A cidade mata a gente cada dia mais um pouco...




A cidade mata a gente cada dia mais um pouquinho. Duas horas no calor do trânsito para ir ao trabalho, comer apressado e apertado dentro de um cubículo. Mastigar a marmita envergonhada. Saborear, literalmente, o pão que o diabo amassou e deixou pra gente. Um cidadão entra pela parte de trás do busão tocando bem alto um sertanejo universitário. Como aquilo arranha os ouvidos. Não dá pra distinguir o infeliz que joga pra cima as notas e a nossa já combalida paciência. 

O stress, o barulho, os cheiros mais dispersos, diversos e perversos nos afrontam. A cidade é suja, riscada e mau cuidada como um bebê abandonado numa sarjeta qualquer. Na periferia, medo. No centro o silêncio e o vazio compram as lojas enquanto as calçadas tornan-se casas. Medo de assalto e da PM. Outro dia 3 cachorros me cercaram curvando uma rua. 

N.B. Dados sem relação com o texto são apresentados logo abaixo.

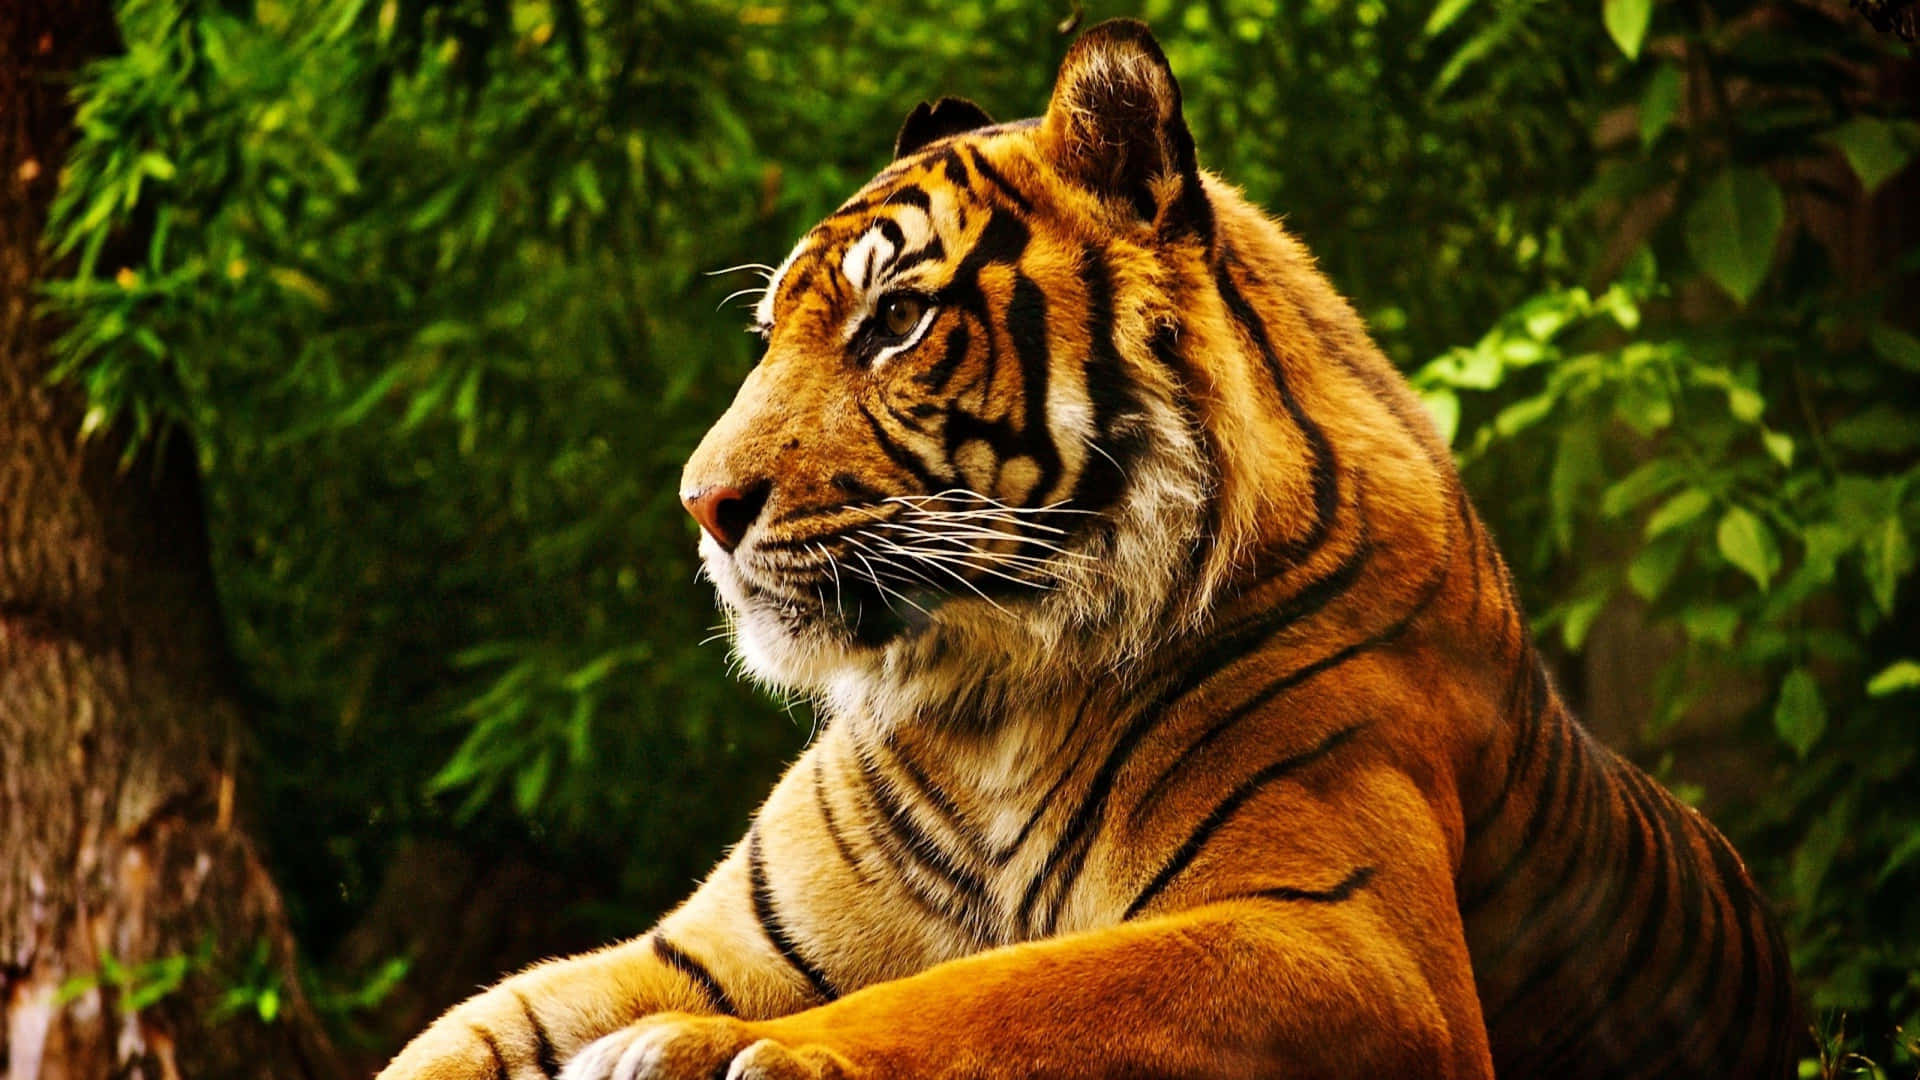 Cute Tropical Tiger Wallpaper

A gente chega em casa morto. Cada dia um pouco. Deixa nas ruas nossa alma transfigurada em suor, saliva, moedas de troco e lisonjas ditas para estranhos. O cobrar de ônibus foi levado. O guarda de trânsito também. Juntos com vendedor de água mineral da Conde da Boa Vista. 

Sexta feira de tarde é um retorno ao matadouro. Senta no sofá e assiste ao mundo se acabando no noticiário. Não tiramos nem o sapato. Sexta feira a gente é um zumbi santificado. 

Sábado é feira. Pagode no domingo e o verniz da cerveja, pra segunda feira a gente começar tudo de novo e morrer um pouco mais. Um doador de sangue involuntário. Um zumbi de luxo. Um eletrodoméstico que troca sozinho sua bateria até cair em desuso. A cidade mata a gente. A cidade mata a gente cada dia um pouco.